(Provided material Opens)
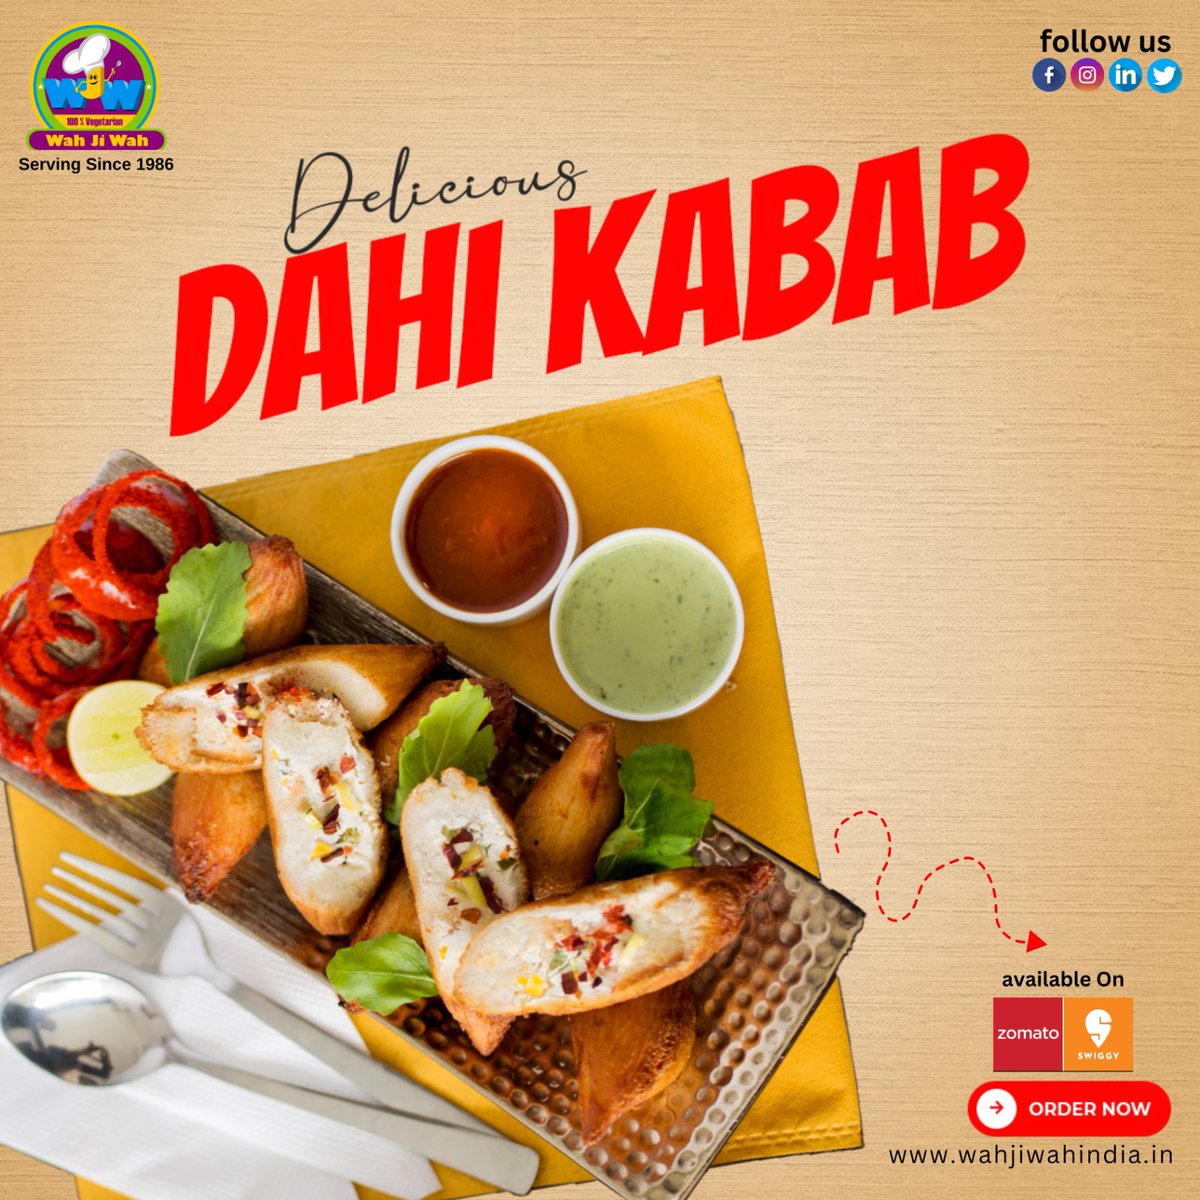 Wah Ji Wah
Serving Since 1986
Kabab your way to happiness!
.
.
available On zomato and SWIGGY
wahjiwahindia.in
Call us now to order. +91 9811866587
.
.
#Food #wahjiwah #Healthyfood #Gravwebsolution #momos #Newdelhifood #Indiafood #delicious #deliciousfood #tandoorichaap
(Provided material Closes)
(Provided material Opens)
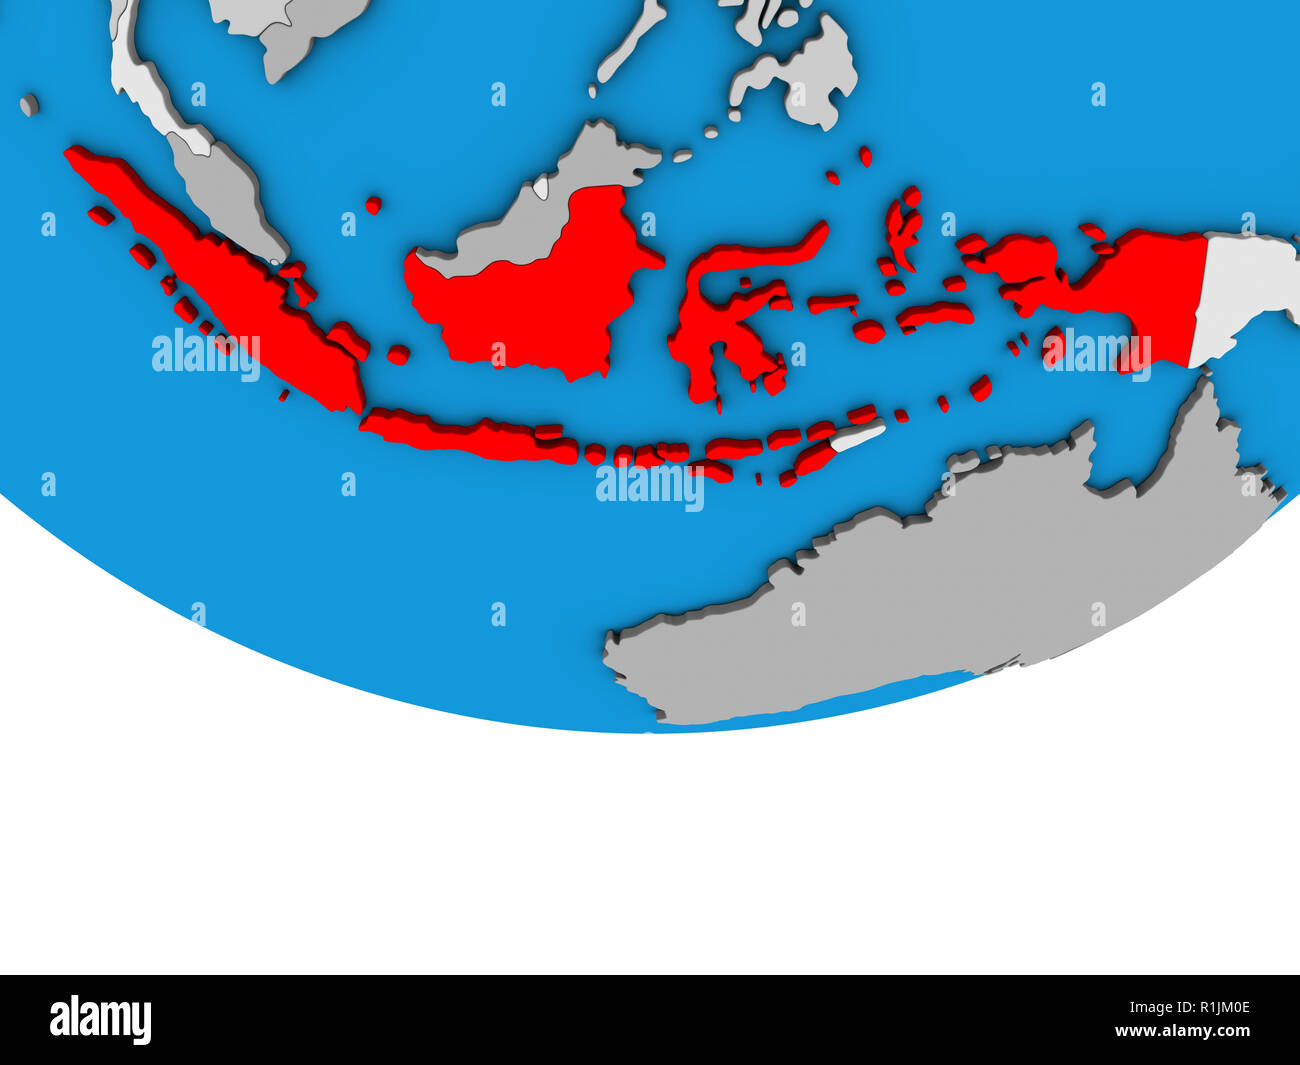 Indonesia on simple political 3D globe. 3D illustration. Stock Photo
(Provided material Closes)
→ Your goal
From the records above, print only the lines between the one holding "Call us now to order. +91 9811866587" and the one holding "#Food #wahjiwah #Healthyfood", inclusive, exactly as they stand.

→ Answer space
Call us now to order. +91 9811866587
.
.
#Food #wahjiwah #Healthyfood #Gravwebsolution #momos #Newdelhifood #Indiafood #delicious #deliciousfood #tandoorichaap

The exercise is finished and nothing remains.